I know Sylvester's law which states the following: $f$ is positive definite iff all the following matrices have a positive determinant: the upper left 1-by-1 corner of $M$, the upper left 2-by-2 corner of $M$, the upper left 3-by-3 corner of $M$,…, $M$ itself, where $M$ is a matrix of $f$. In other words, all of the leading principal minors must be positive.
I need to show that $f$ is positive semi-definite iff all the principal minors (we have only $2^n-1$ of them) are non-negative.
I was not able to find the proof of this in MSE.
So I would be very grateful if someone can give detailed proof of this fact.
Best Answer
Here's an outline of the proof that a real square symmetric matrix is positive semi-definite iff every principal minor $\ge 0.$ Whenever I write matrices and/or row/column matrices as being multiplied, there is an implicit assumption that the sizes are appropriate for multiplication. $$*$$ Lemma1: If $M$ is a real square symmetric matrix with negative determinant then $$w^TMw<0 \text { for some column-vector } w \ne 0 $$
Proof: For some invertible matrix $P$, $$P^TMP= \text {diag}(d_1,...,d_n).$$ Taking determinants, we see that at least one $d_i$ must be negative.
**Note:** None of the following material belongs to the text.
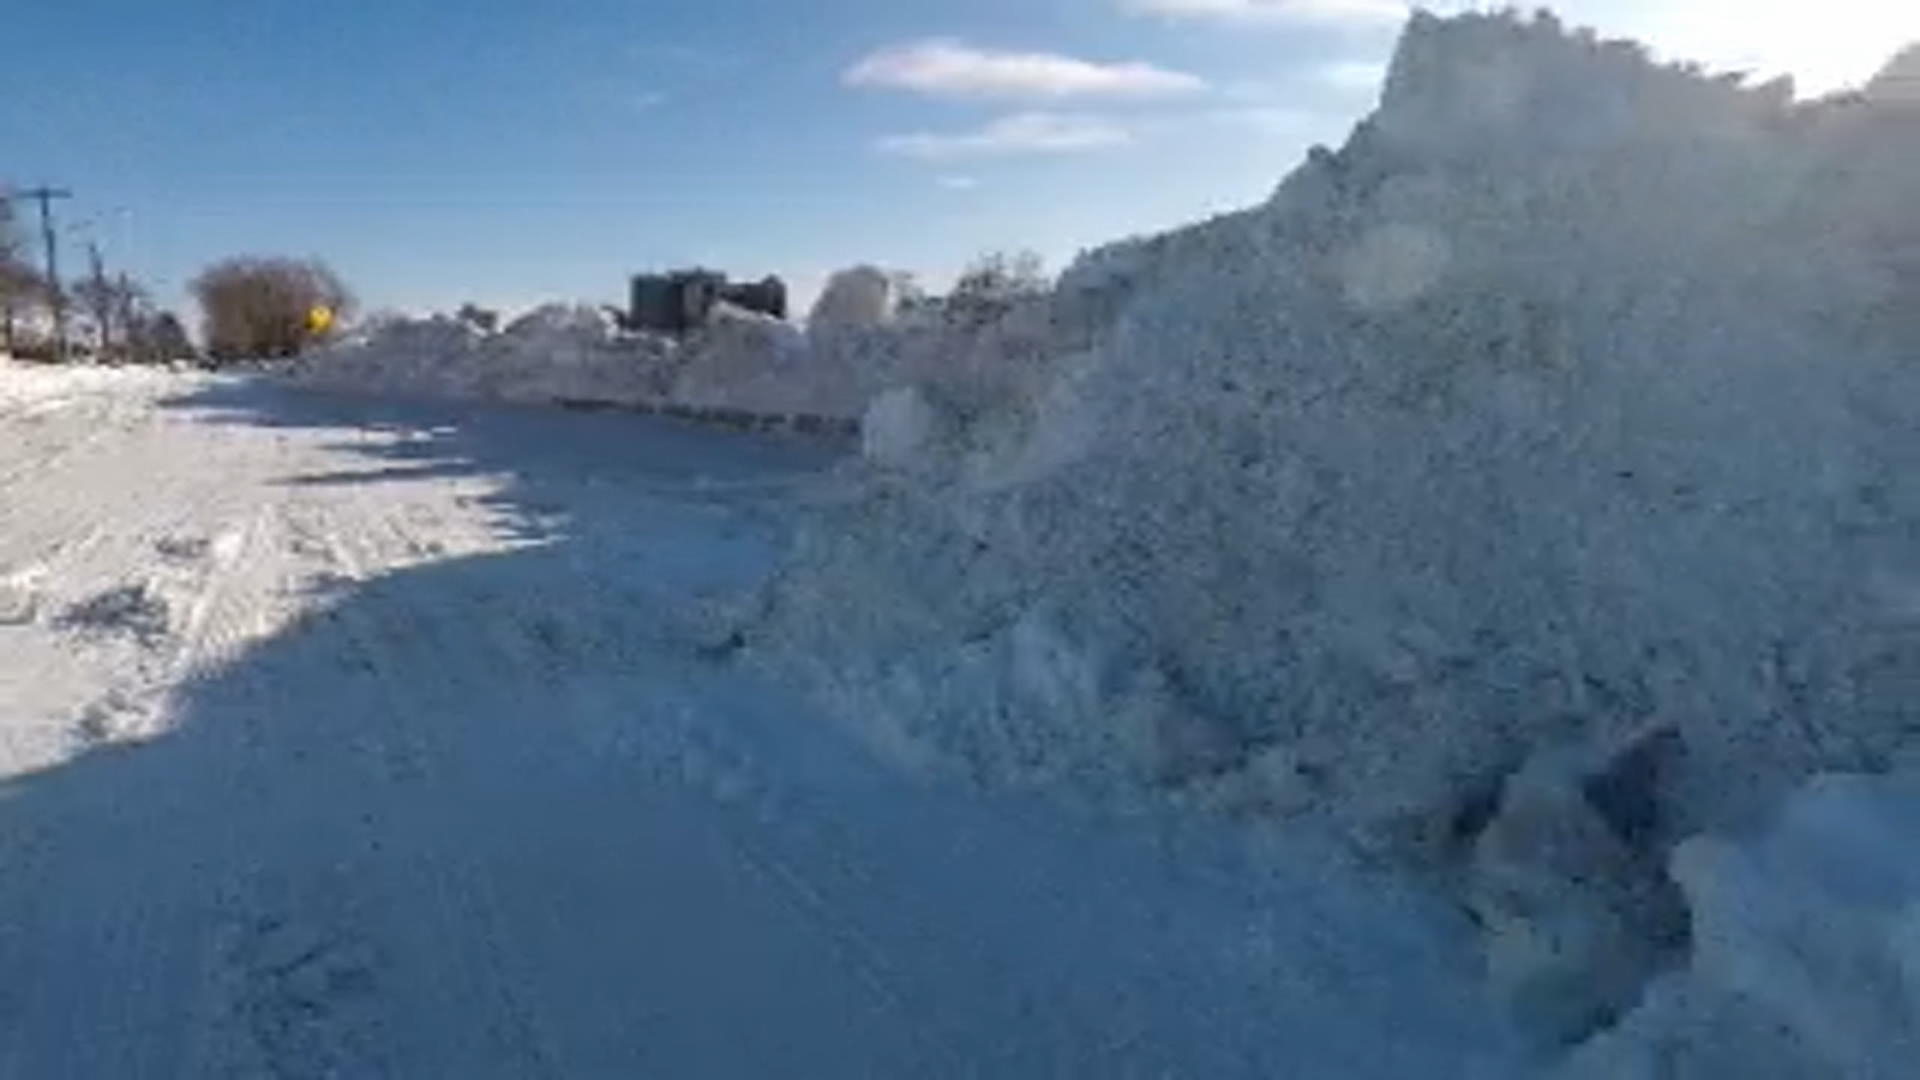 Winnipeg councillor on changing budgetary practices when it comes to snow clearing

Thus $$v^TP^TMPv<0$$ for some $v \ne 0.$ Let $w=Pv$ Q.E.D. $$*$$ Lemma 2: If $A$ is a real $n \times n$ symmetric matrix and $v^TAv \ge 0$ for all column vectors, then every principal minor of $A$ is non-negative. $$*$$ Proof: Suppose $M$ is an $s \times s$ principal sub-matrix of $A $ where $1 \le s \le n$ such that $\det M<0.$ Let $w \ne 0$ be such that $w^TMw<0 $ Let $w’$ be a column-vector of size $n$ obtained by by using the same entries as those in $w$ for indices that occur for $M$ and putting all other entries =0. Then $$w’^TAw’=w^TMw<0$$, a contradiction. Q.E.D. $$*$$ Lemma 3: If $A$ is a real $n \times n$ symmetric matrix and every principal minor of $A$ is non-negative, then $A$ is positive semi-definite. $$*$$ Proof: We assert that if $t>0$ then $tI+A$ is positive-definite. Consider the determinant of the upper left $s \times s$ corner of $tI+A$ where $1 \le s \le n$. It is $\det(tI+M)$ where $M $ is the upper left $s \times s $ corner of $A$. Note that every principal minor of $M$ is a principal minor of $A$. Then $$\det(tI+M)=t^s+\sum_{i=1}^s{}(\sum \text {principal minors of order $i$ of $M$ })t^{s-i}>0 $$ which proves our assertion. Suppose $$v^TAv=-c \text { where }c>0.$$ Then $v \ne 0 $ Let $$\xi=\frac{c}{v \bullet v} $$ which is the same as $$\xi v^TIv=c$$ Thus $$v^TAv=-\xi v^TIv$$ $$v^T(\xi I+A)v=0$$, a contradiction. Q.E.D.